Partial Regression Plots (Crime Data)¶
[19]:
fig = plt.figure(figsize=(12,8))
fig = sm.graphics.plot_partregress_grid(crime_model, fig=fig)
[20]:
fig, ax = plt.subplots(figsize=(12,8))
fig = sm.graphics.plot_partregress("murder", "hs_grad", ["urban", "poverty", "single"], ax=ax, data=dta)
Leverage-Resid2 Plot¶
Closely related to the influence_plot is the leverage-resid2 plot.
[21]:
fig, ax = plt.subplots(figsize=(8,6))
fig = sm.graphics.plot_leverage_resid2(crime_model, ax=ax)
Influence Plot¶
[22]:
fig, ax = plt.subplots(figsize=(8,6))
fig = sm.graphics.influence_plot(crime_model, ax=ax)
Using robust regression to correct for outliers.¶
Part of the problem here in recreating the Stata results is that M-estimators are not robust to leverage points. MM-estimators should do better with this examples.
[23]:
from statsmodels.formula.api import rlm
[24]:
rob_crime_model = rlm("murder ~ urban + poverty + hs_grad + single", data=dta,
M=sm.robust.norms.TukeyBiweight(3)).fit(conv="weights")
print(rob_crime_model.summary())
Robust linear Model Regression Results
==============================================================================
Dep.

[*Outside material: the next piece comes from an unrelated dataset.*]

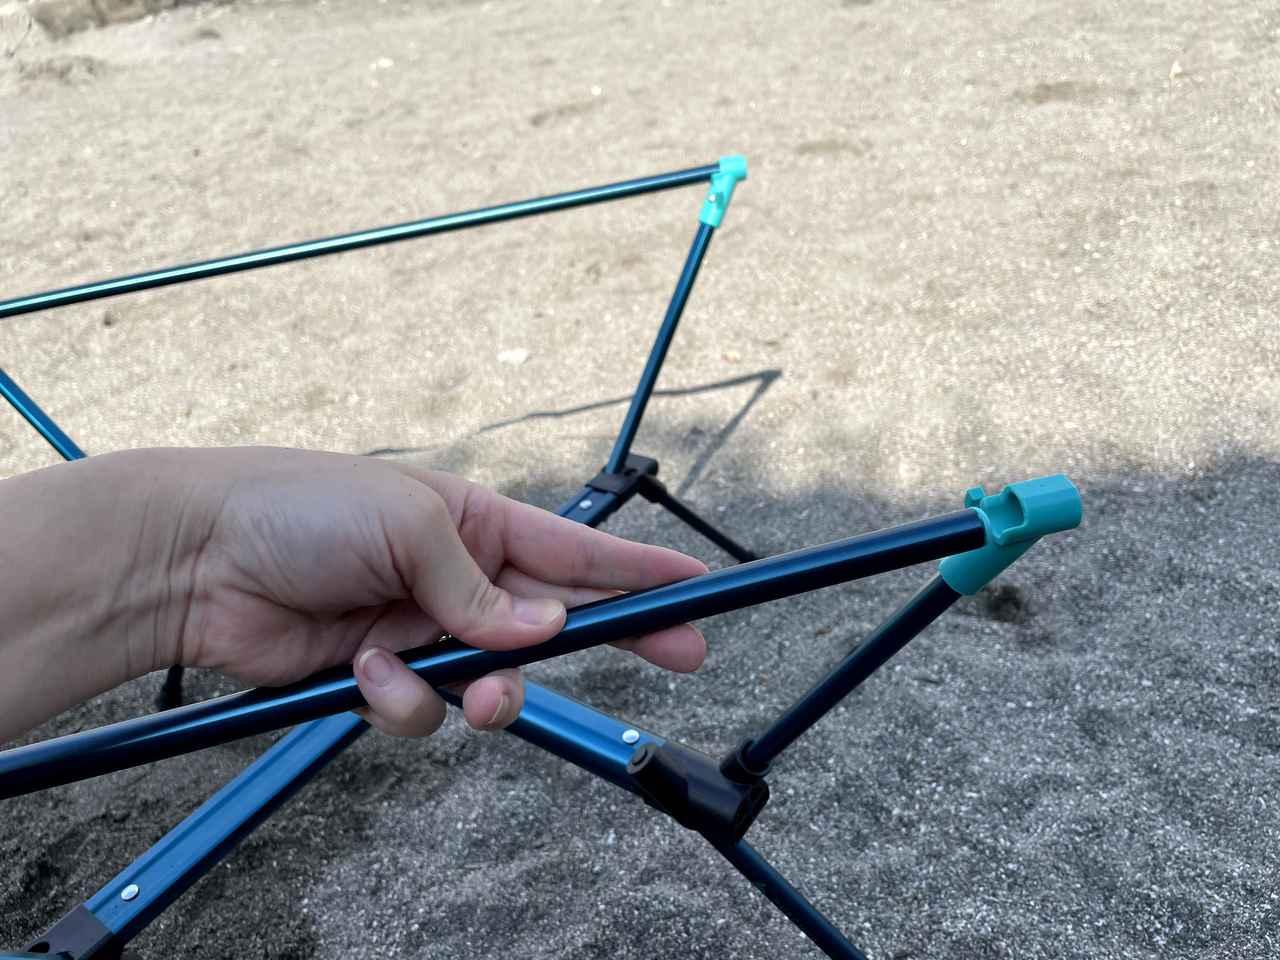 画像2: 【レビュー】QUECHUA (ケシュア) MH500の折りたたみテーブルは耐久性抜群でメイン/サブテーブルとしても使えます!

Variable: murder No. Observations: 51
Model: RLM Df Residuals: 46
Method: IRLS Df Model: 4
Norm: TukeyBiweight
Scale Est.: mad
Cov Type: H1
Date: Tue, 17 Dec 2019
Time: 23:39:58
No. Iterations: 50
==============================================================================
coef std err z P>|z| [0.025 0.975]
------------------------------------------------------------------------------
Intercept -4.2986 9.494 -0.453 0.651 -22.907 14.310
urban 0.0029 0.012 0.241 0.809 -0.021 0.027
poverty 0.2753 0.110 2.499 0.012 0.059 0.491
hs_grad -0.0302 0.092 -0.328 0.743 -0.211 0.150
single 0.2902 0.055 5.253 0.000 0.182 0.398
==============================================================================
If the model instance has been used for another fit with different fit parameters, then the fit options might not be the correct ones anymore .
[25]:
#rob_crime_model = rlm("murder ~ pctmetro + poverty + pcths + single", data=dta, M=sm.robust.norms.TukeyBiweight()).fit(conv="weights")
#print(rob_crime_model.summary())
There is not yet an influence diagnostics method as part of RLM, but we can recreate them. (This depends on the status of issue #888)
[26]:
weights = rob_crime_model.weights
idx = weights > 0
X = rob_crime_model.model.exog[idx.values]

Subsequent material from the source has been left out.